For the most part, it really is the thought that counts with gifts


McClatchy Newspapers

KANSAS CITY, Mo. — Most everyone knows the lesson of love and sacrifice told in “The Gift of the Magi.”

An impoverished young husband sells his treasured pocket watch to buy his wife a comb for her luxuriant hair. She shears off and sells her hair to buy him a gold chain for his watch.

But new research indicates they probably could have gotten each other a coffee pot.

When it comes to appreciating a gift, a psychological study at Stanford University bears out what Mama always said and cheapskates love to hear:

It’s the thought, not price, that matters.

“In a holiday setting, you can imagine how people are really worried about disappointing those they care about — getting them something they really want, something that costs a bit more,” psychologist Francis Flynn said. “That is not going to make them happier. People are going to be delighted, not disappointed, in the gifts they get.”

OK, a caveat. Women shopping for boyfriends might first want to read Experiment No. 5.

UExperiment No. 1: Give me a ring sometime

At Stanford, Flynn and his graduate student co-author, Gabrielle Adams, wrote up three experiments on gift appreciation in the November online version of the Journal of Experimental Social Psychology.

In the first, they looked at engagement rings. They recruited 33 men and women who were engaged but not to each other.

The women rated their appreciation for their rings. The men were asked how pleased they thought their fianc es were with their rings. The buyers of really costly rings expected the women to be really excited. Bummer. Their ladies rated their level of appreciation no higher than those getting cheaper stones.

UExperiment No. 2: Thanks for nothing

Then came the 237 people surveyed about a birthday gift they’d either recently given or received.

Again they ranked their appreciation for items ranging from CDs to wine to expensive jewelry. Givers consistently expected more expensive presents to garner more appreciation.

Nope. They were appreciated, but so were smaller gifts.

UExperiment No. 3: Appease in the iPods

In Stanford’s “iPod” study, 197 subjects had to imagine a hypothetical scenario.

Half were to think they were attending a high school graduation and, as the gift-givers, were giving someone either a CD or an iPod.

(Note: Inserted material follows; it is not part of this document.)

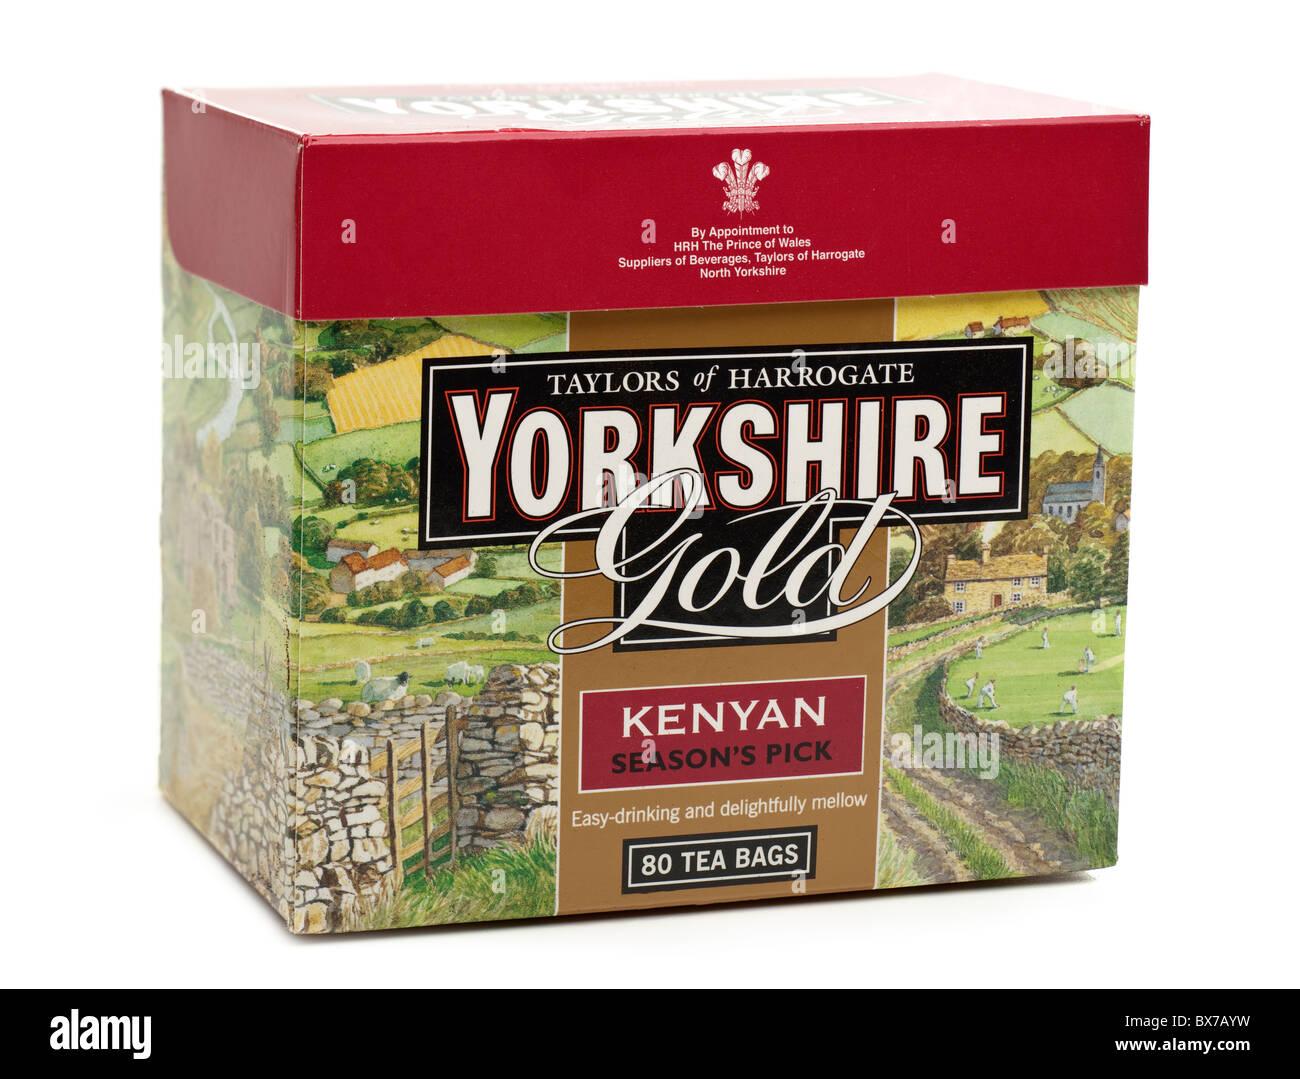 Box of 80 Kenyan Yorkshire gold tea bags - Stock Image
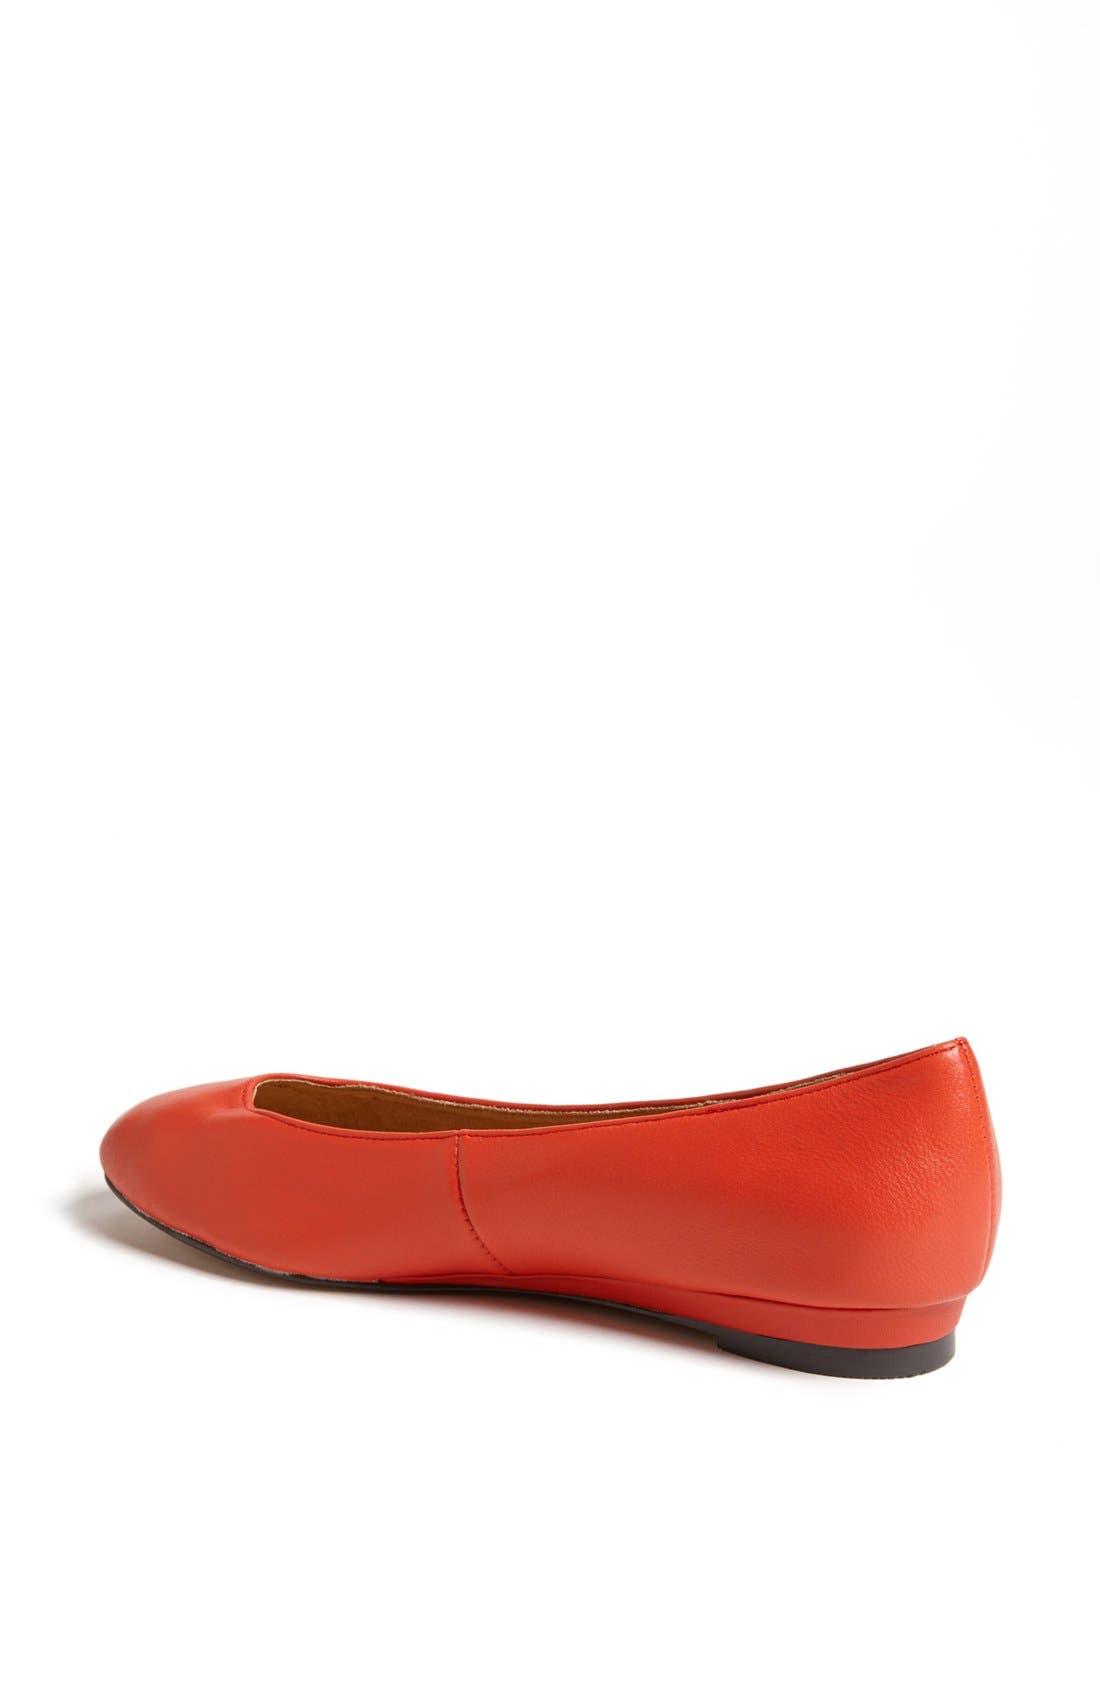 Alternate Image 2  - Topshop 'Mello - Mini Wedge' Court Shoe

The other half were to imagine they were the grads and gift-getters.

Again, the imaginary iPod was expected to be the hotter gift. Again, it came out nearly even with the much cheaper CD.

UExperiment No. 4: This doesn’t quite fit

Don’t choose too poorly, warned researcher Janetta Lun, a psychologist at the University of Virginia.

She was one of the authors on a study titled “The Gift of Similarity: How Good and Bad Gifts Influence Relationships” in September’s Social Cognition.

They partnered 31 male and 31 female undergraduate students who were strangers to each other and asked them to chitchat for about four minutes.

Later, the students separately were told they could win any one of 11 gift certificates to stores, from Barnes & Noble to J.C. Penney.

They were asked to pick out something for the partner. But the researchers fibbed to the partners about the gifts chosen for them. Half got lousy gifts, half got great gifts.

The test question: How similar do you think you are to your partner?

Men: Gift quality made all the difference.

Women: It didn’t matter.

UExperiment No. 5: Oh, you shouldn’t have!

A repeat, but with romantic couples — and a provocative wrinkle.

“We asked them two questions,” Lun said. “How much longer do you think you will date? What is the likelihood that you and your partner will get married?”

Men: Those who got the bad gifts tended to rate their partners as more dissimilar. They also said the chances were greater that they would break up or not get married.

Women: It was the opposite. The worse the gift, the more similar they rated their partners and more likely they said it was that they would stay together or get married.